London: The impact of 2020 coronavirus recession on GDP will continue to be felt for years to come with GDP levels in the largest advanced economies expected to remain around 3 to 4 per cent below their pre-virus trend path by the middle of this decade, Fitch Ratings has said in a new report.
“There will be lasting damage to supply-side productive potential from the coronavirus shock as long-term unemployment rises, working hours fall, and investment and capital accumulation slow,” said Maxime Darmet, Director in Fitch’s Economics team.
Huge uncertainties surround the economic outlook in aftermath of the massive shock in H1 2020. The path that the coronavirus outbreak will take is unknown.
“Repeated waves of new infections and renewed nationwide lockdowns could see a very sluggish recovery while medical breakthroughs could result in a rapid normalisation of economic activity,” said Fitch in the report.

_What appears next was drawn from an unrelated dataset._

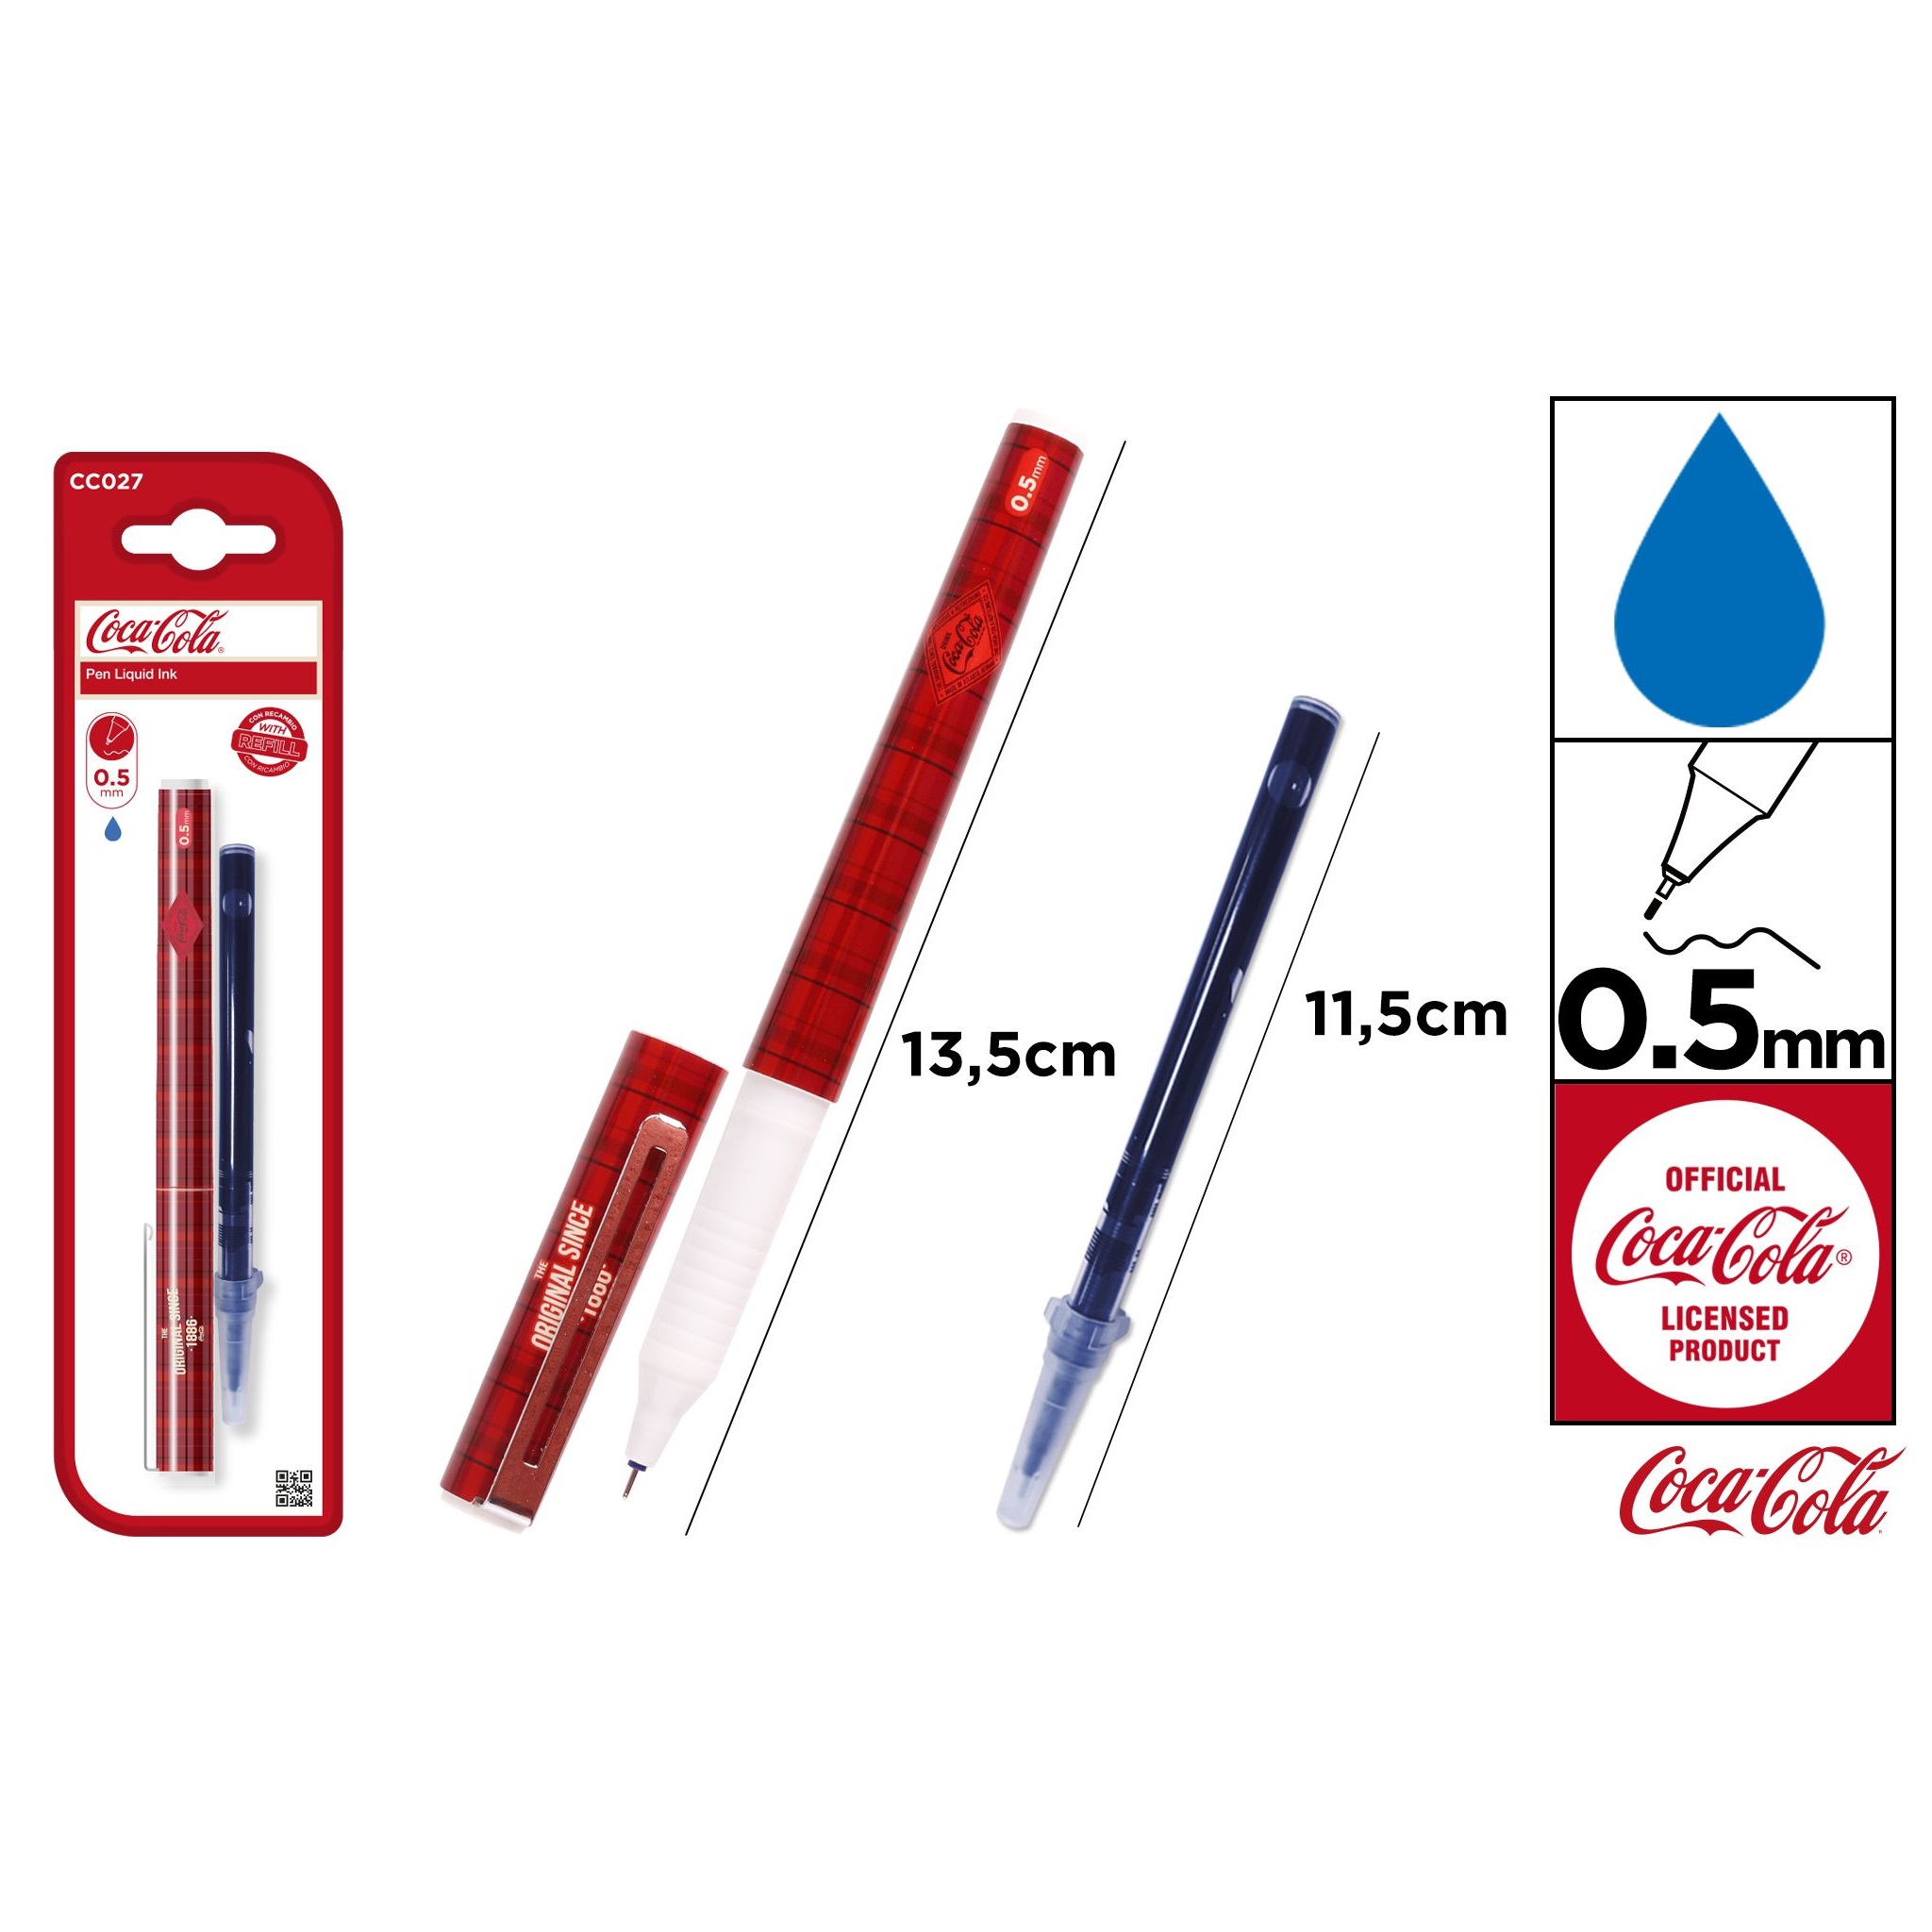 CC027 0.5mm Straight Liquid Pen Coca-Cola Co-branded Ballpoint Pen Comes with Refill

A reasonable base-case working assumption for the purpose of economic analysis is that the health crisis gradually eases over time, with renewed nationwide lockdowns avoided and virus containment sought through more targeted responses.
Fitch said US productive potential growth has been revised to 1.4 per cent from 1.9 per cent, the UK to 0.9 per cent from 1.6 per cent and the eurozone (weighted average of Germany, France, Italy and Spain) to 0.7 per cent from 1.2 per cent.
These revisions partly reflect the expectation of a rise in long-term unemployment in aftermath of the shock.
“The jobs shock is likely to see many workers — particularly in the most adversely affected and labour-intensive travel, tourism and leisure sectors — struggle to find re-employment quickly, resulting in detachment from the labour market,” said Fitch.